=== Work task ===
What follows is a listing to transcribe exactly, leaving the pictures out.

=== Provided data ===
-*-*-
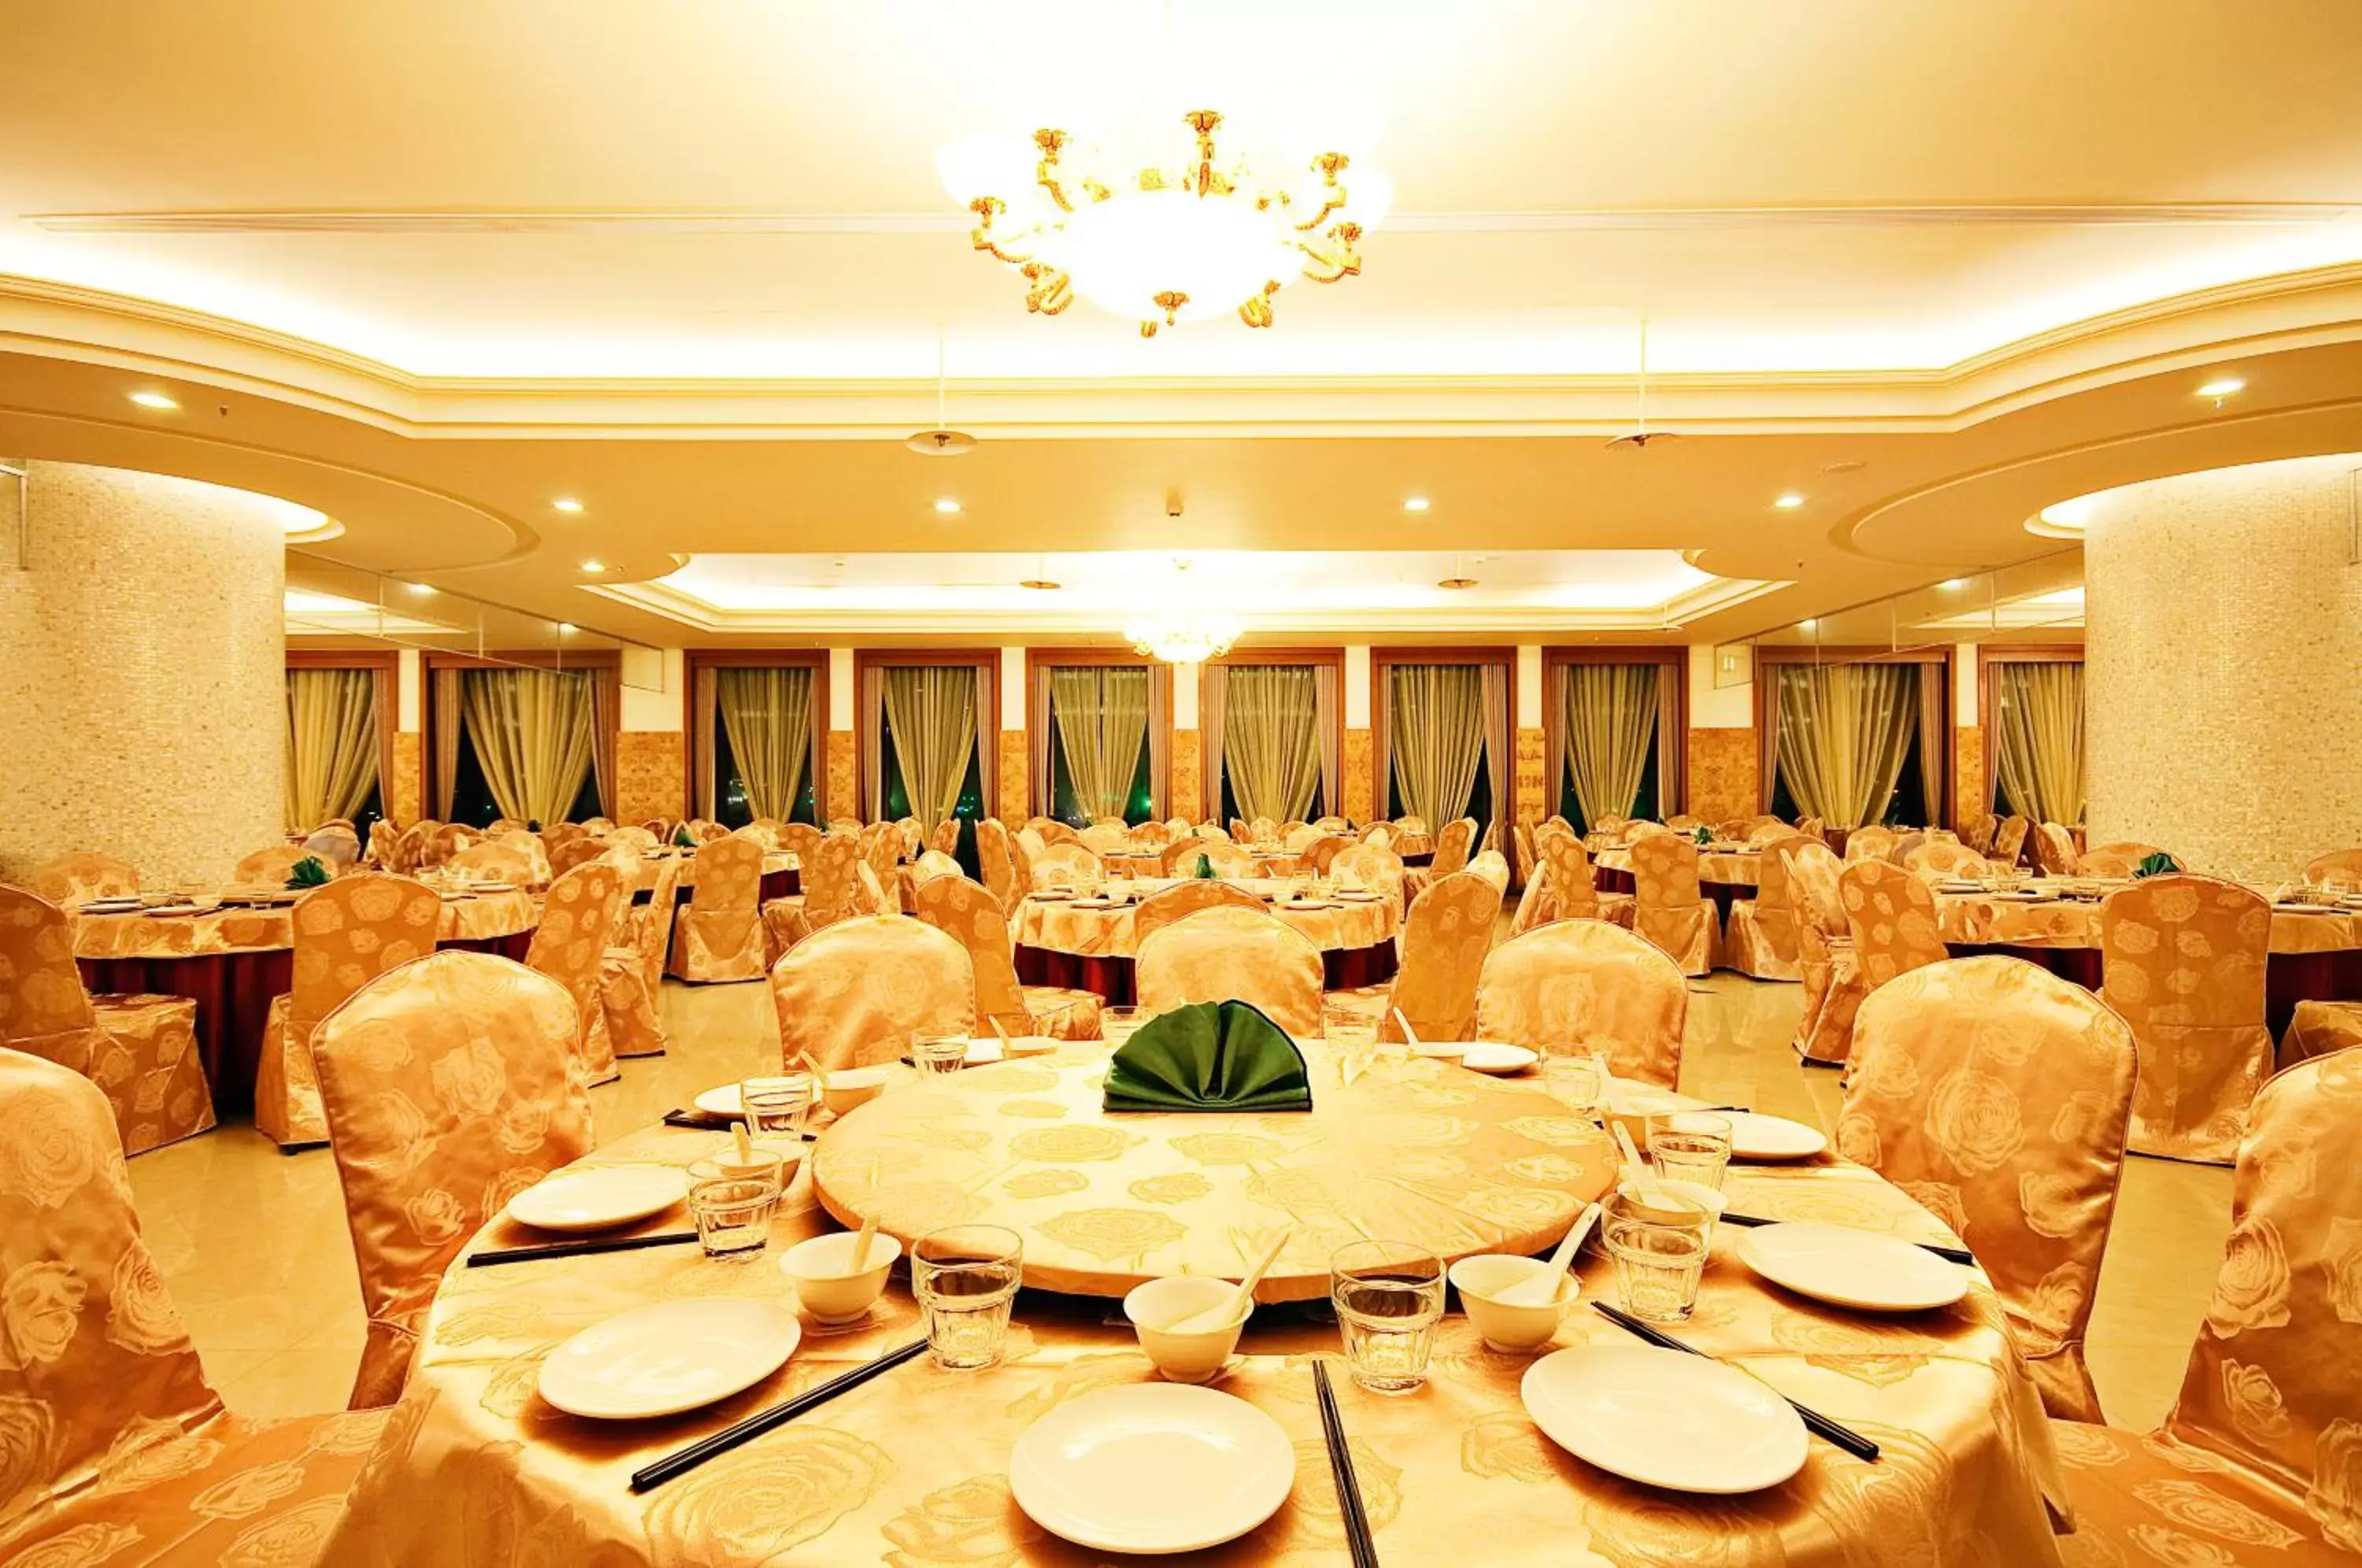 Banquet/Function facilities, Banquet Facilities in Yaling Hotel
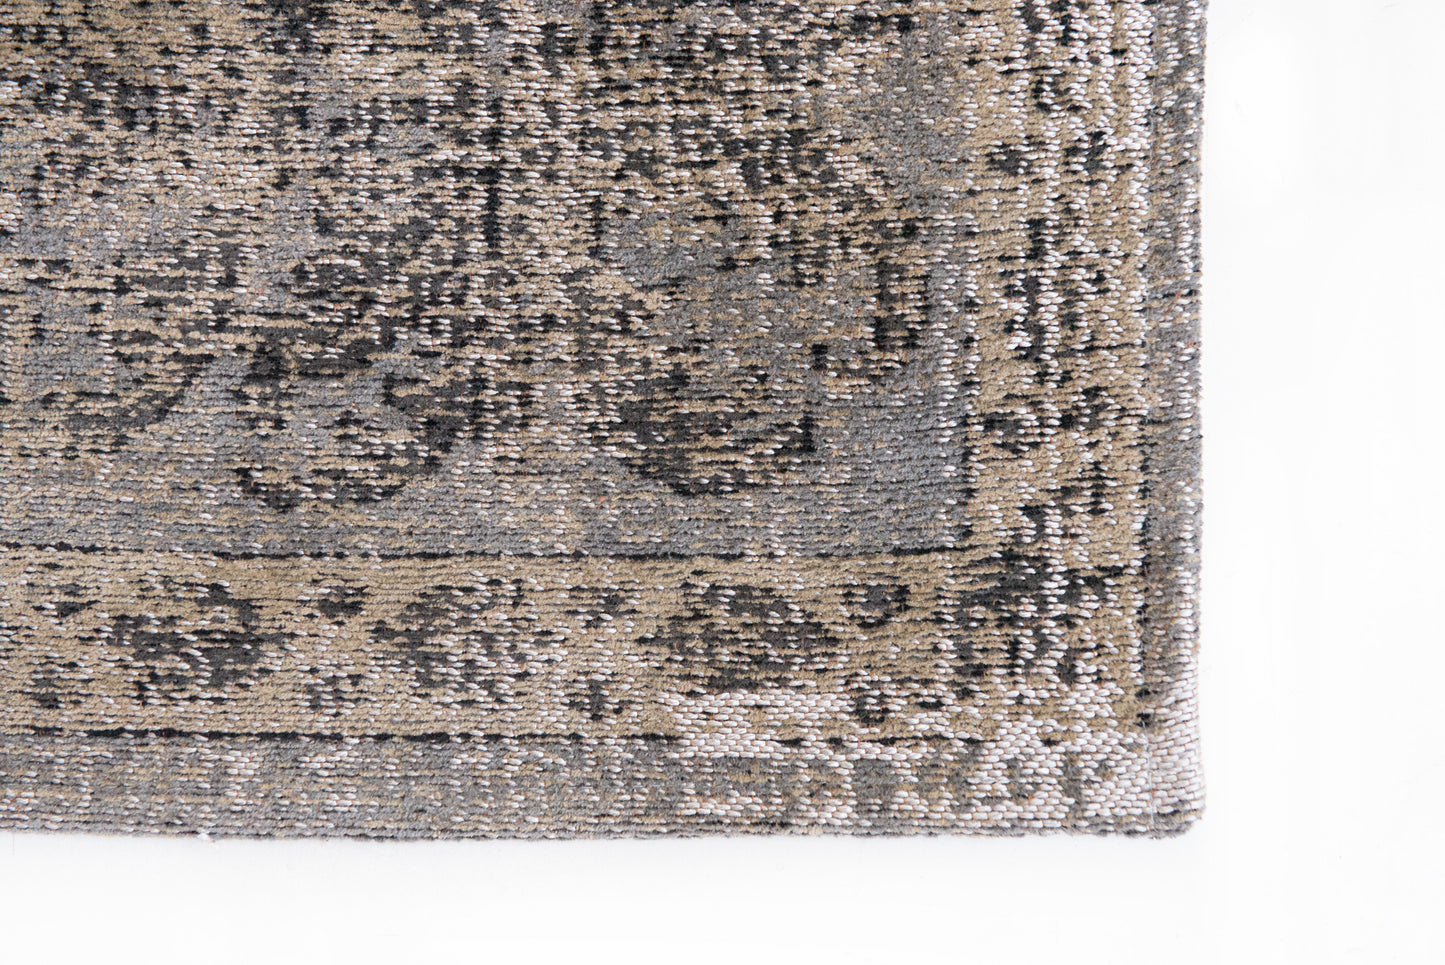 DAM-301: Jacquard carpet
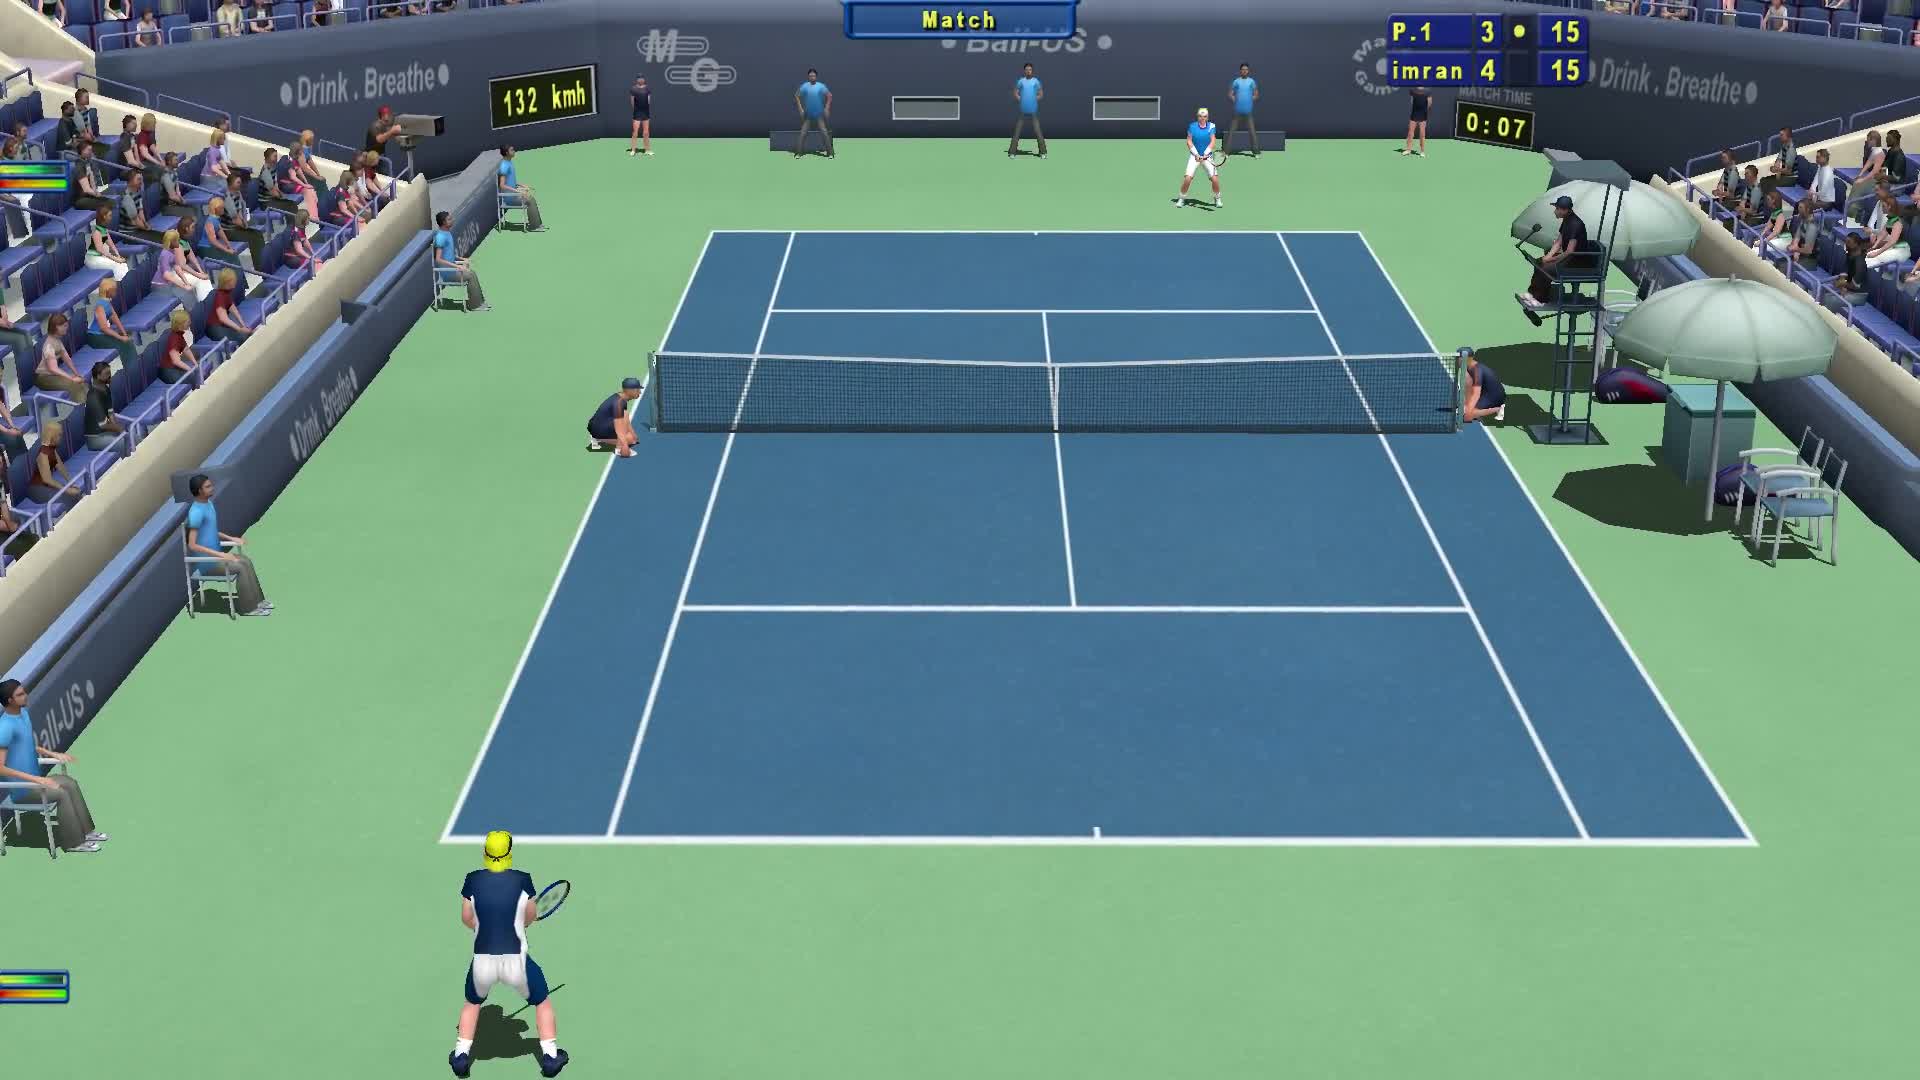 Tennis Elbow 2013 - Online Match video
-*-*-
=== Response to this exercise ===
 Banquet/Function facilities, Banquet Facilities in Yaling Hotel
 DAM-301: Jacquard carpet
 Tennis Elbow 2013 - Online Match video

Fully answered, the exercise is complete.